Prince of the City

Sidney Lumet

BY Radheyan SimonpillaiPublished Jun 7, 2007

In the "behind the scenes” look at Sidney Lumet’s forgotten nugget, Prince of the City, the director mentions the mixed reviews and poor box office take that his film opened to. It isn’t hard to imagine how this tense and atmospheric portrait of a corrupt cop got lost in the shuffle back in 1981, which was a transitional period of sorts. While Prince of the City is a rich and meticulous character study in the fashion of the finest gritty dramas from the golden ’70s, it was headlined by the melodramatic tough cop that the ’80s seemed to have had a hard on for.

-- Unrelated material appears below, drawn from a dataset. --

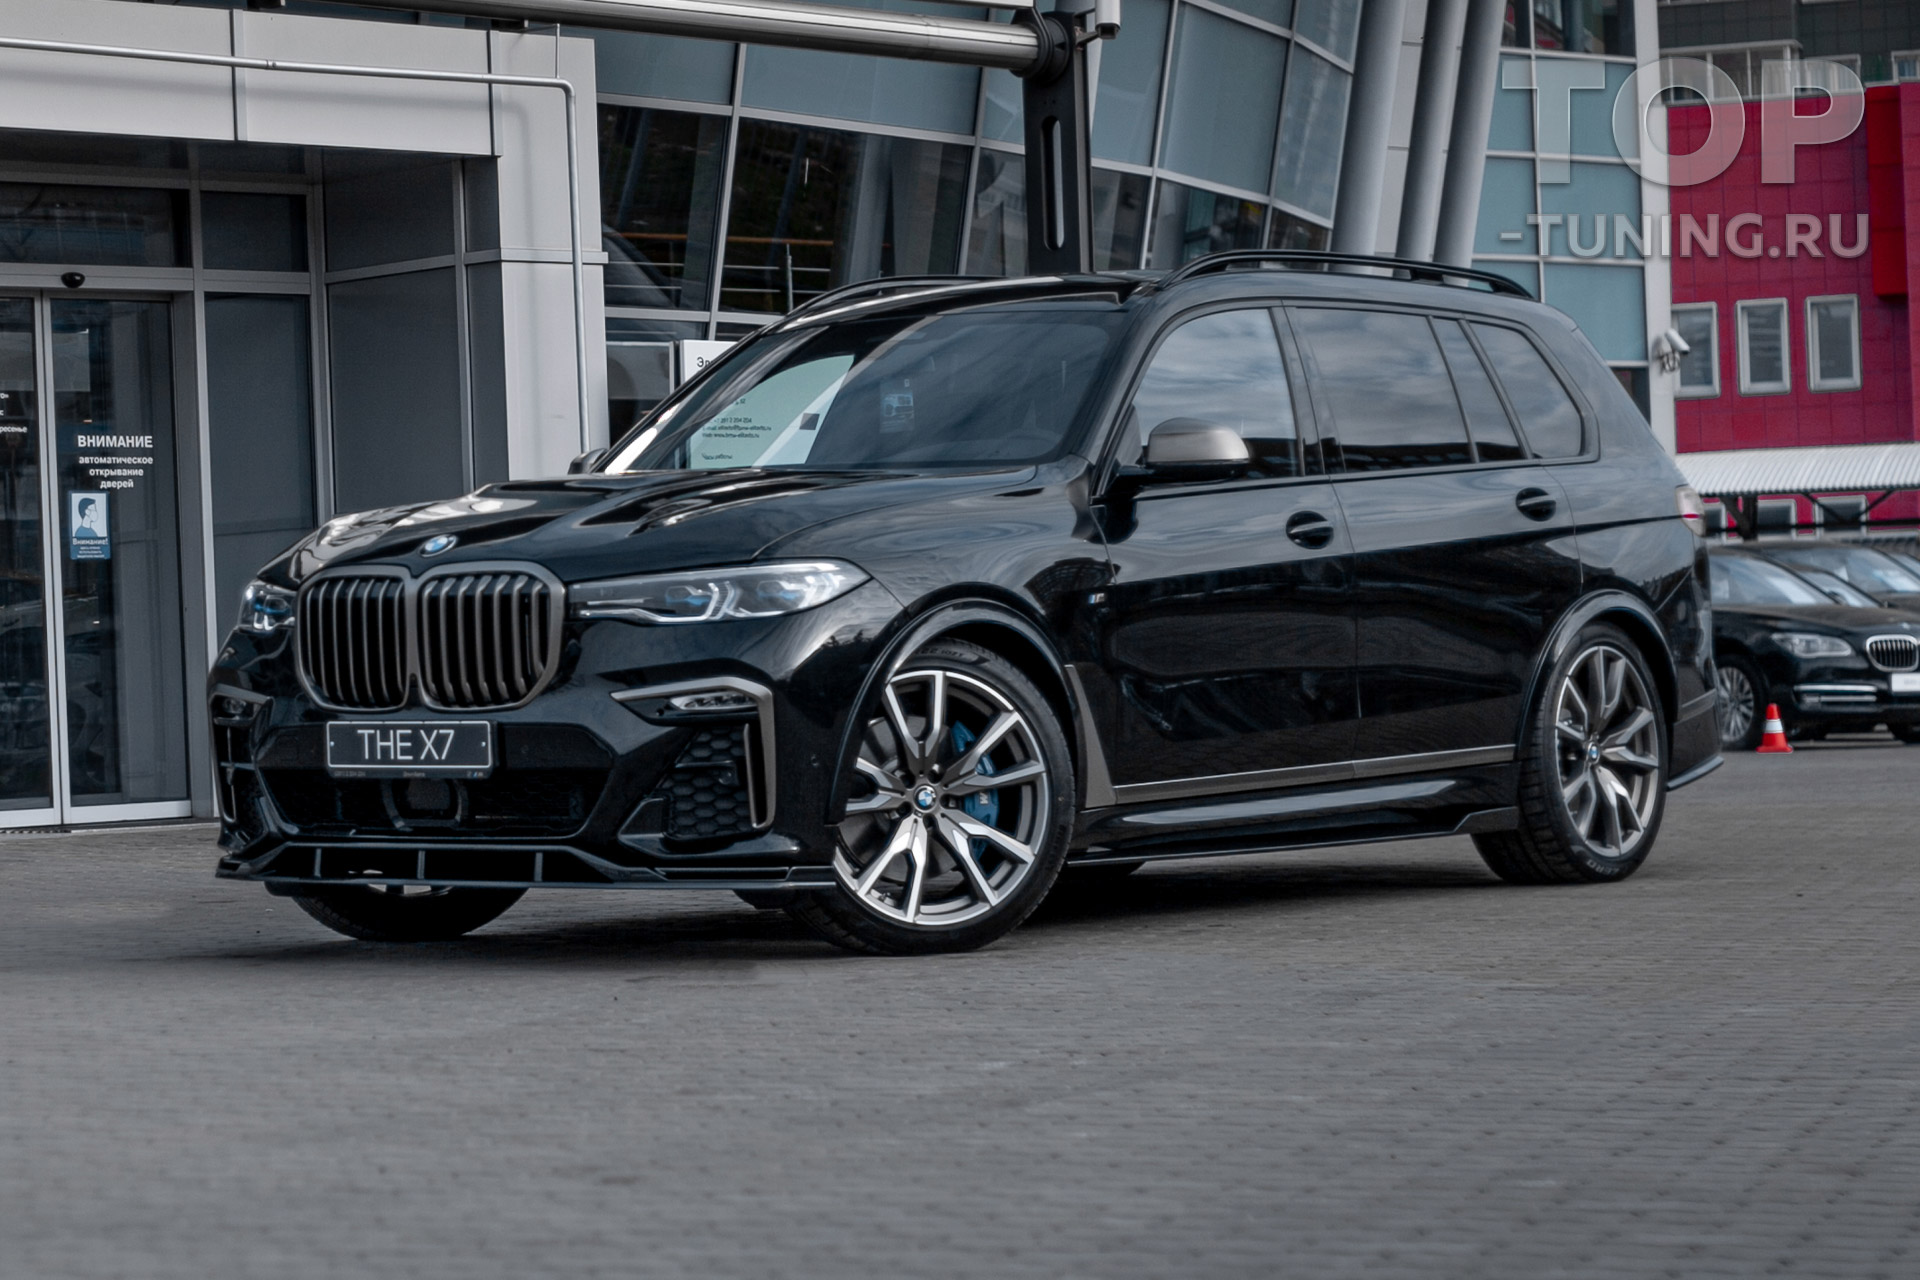 10218 Расширители арок +30 mm. Renegade для BMW X7 G07 2018+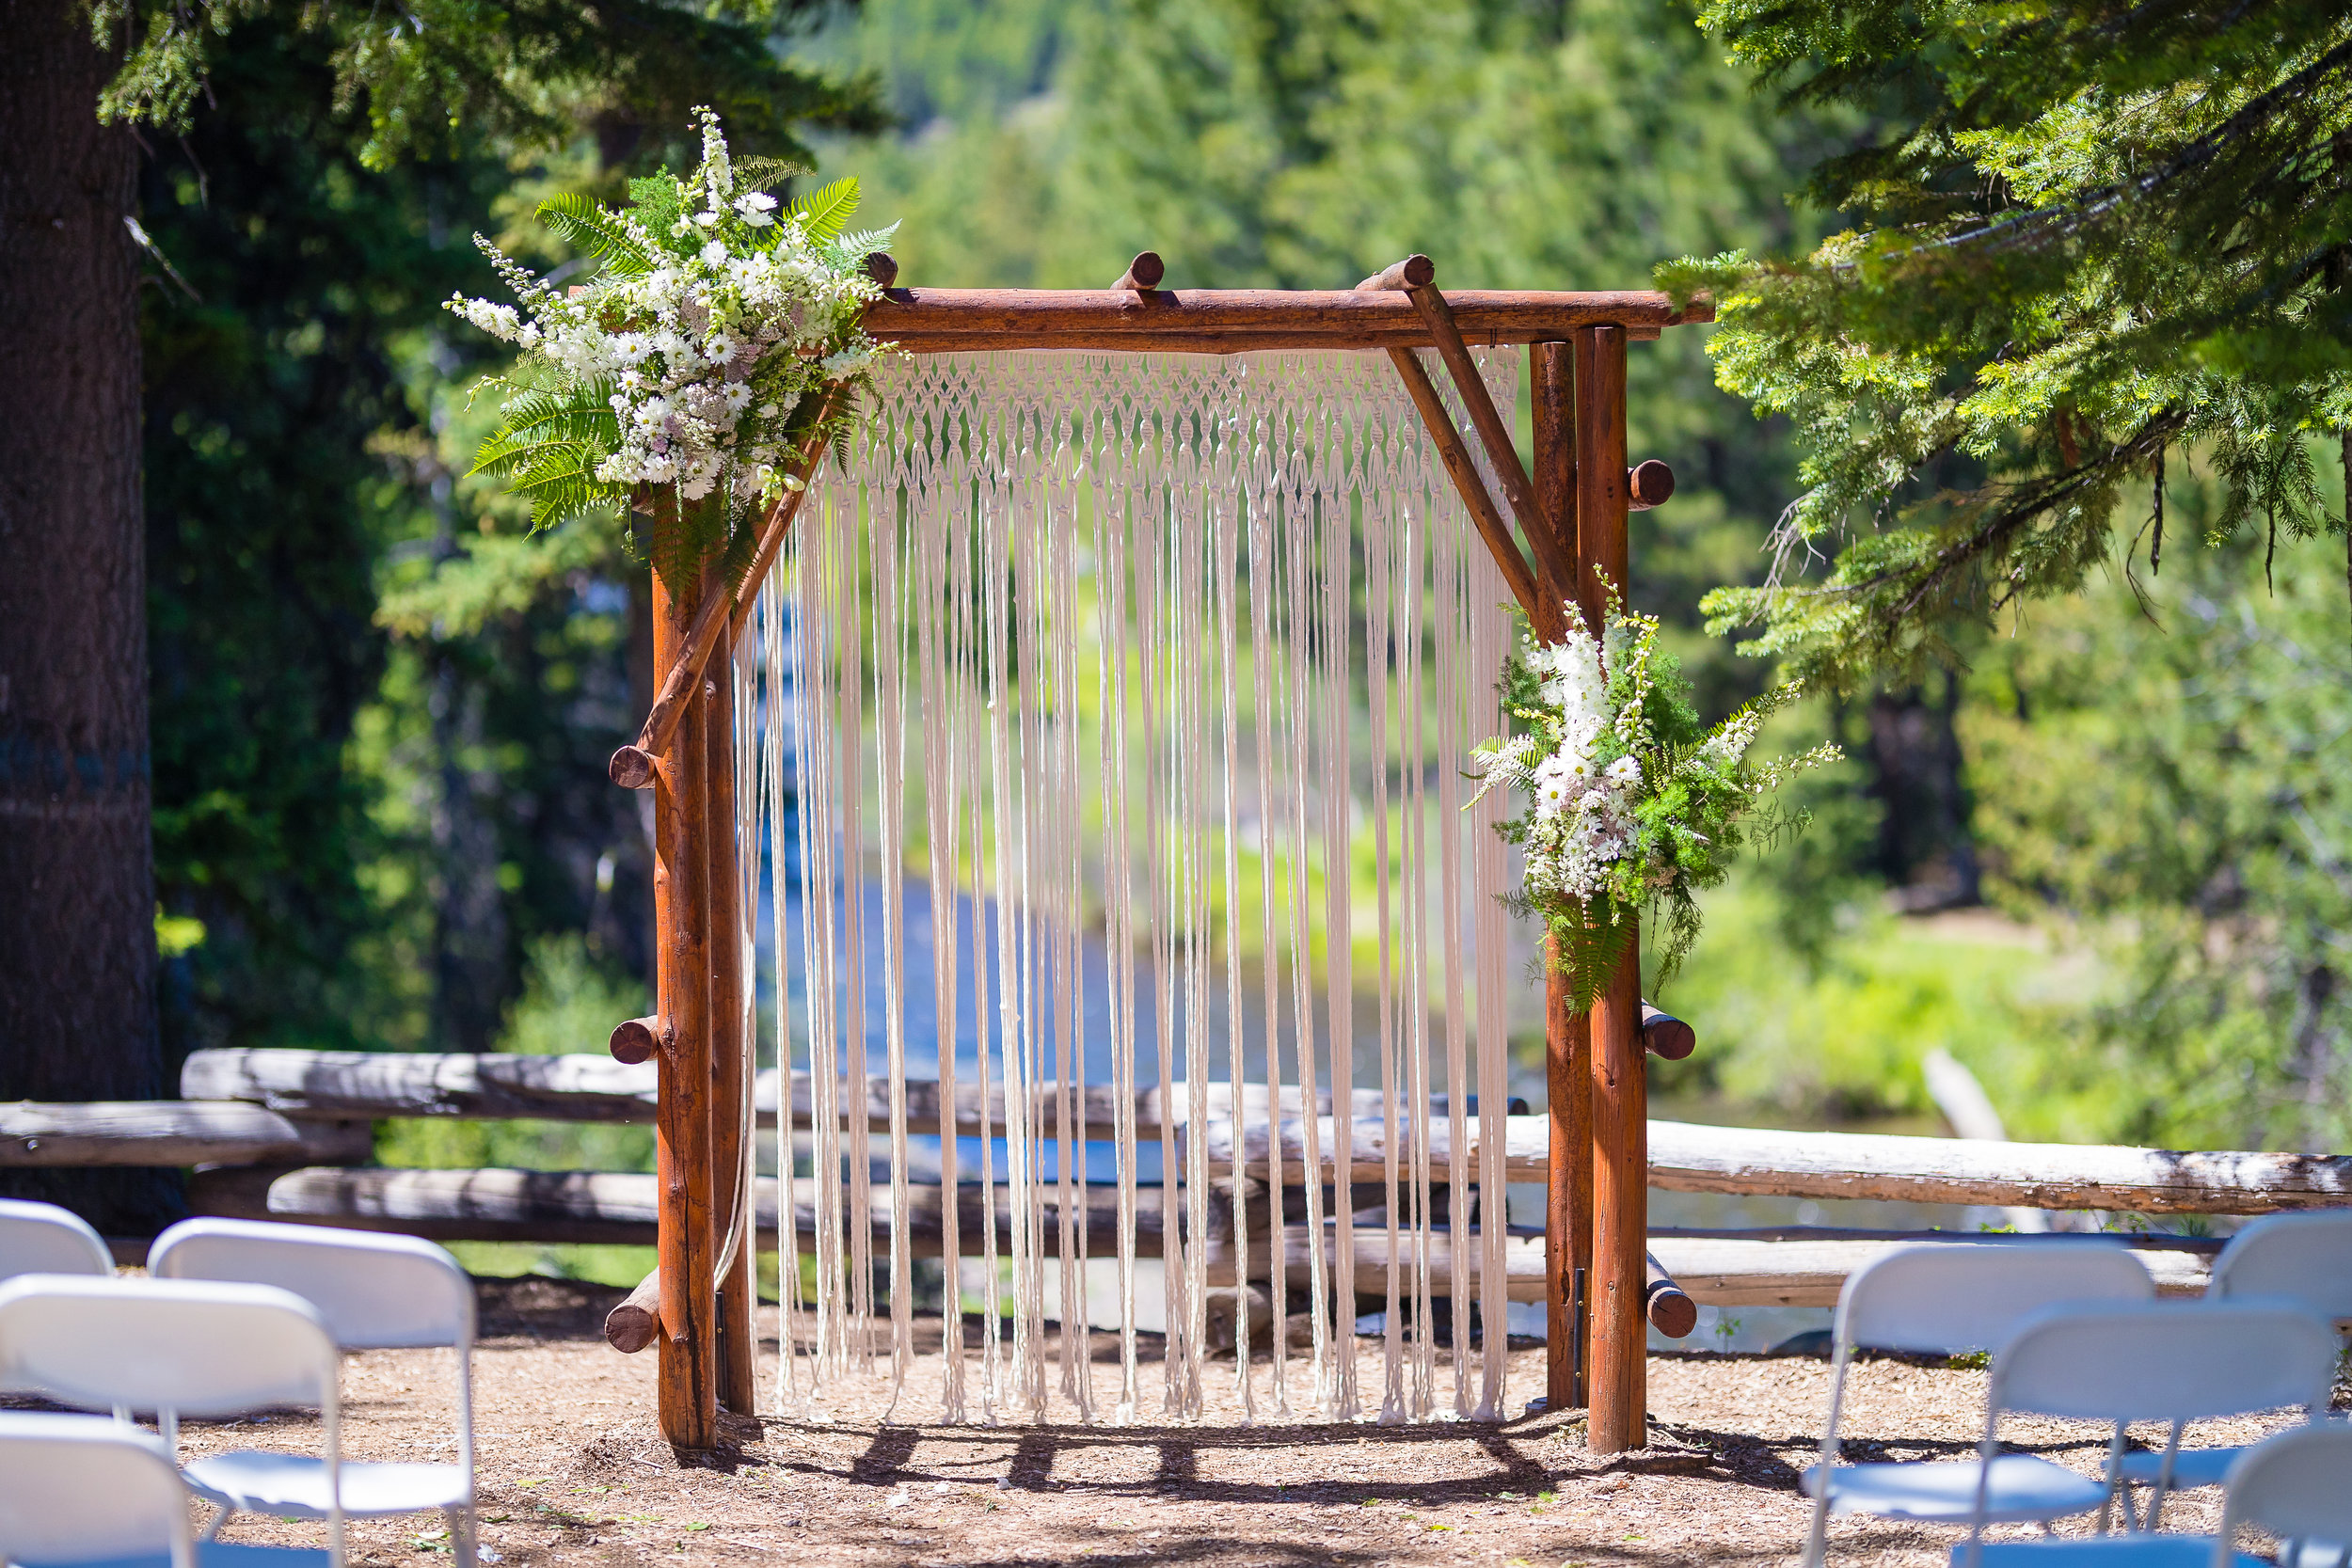 Skyliner Lodge June Wedding - Bend Oregon. Wedding Flowers by Bend Floral Artistry. Photo by Story Lantern  www.storylantern.com    Your Local Bend, Oregon Bespoke Florist.

Caught between these two very different eras, the film seemed to have slipped into an elapsed vault and remained there until now, reappearing on a new double-disc DVD. Based on the true story of Robert Leuci (who also appears on the "behind the scenes” featurette), Prince of the City is a finely detailed and sprawling account of a corrupt undercover narcotics cop, Danny Ciello (Treat Williams in a performance that he has never matched), who seeks redemption by "turning.” Seeking freedom from his own guilt, Ciello goes undercover to expose other crooked cops amongst the NYPD. What begins as a few routine wiretap jobs quickly expands into years of bureaucratic paper work, repeated cross-examinations, endless legal squabbles, death threats and finally, Ciello being forced to betray his own partners. It’s an ambitious project from Lumet, a man that sat amongst the monarchs of the ’70s with films like Serpico, which Prince closely resembles, Dog Day Afternoon and Network, and whose sure-fire direction and talent for eliciting solid performances find a worthy showcase in this film. Yet the filmmaker takes a few ill-advised turns in the extensive 167-minute narrative, which favours the macho and the melodramatic. So, while the film is still worthwhile viewing, these regrettable choices make us wonder what kind of masterpiece Prince of the City would have been had it appeared just two years earlier and steered clear of the ’80s.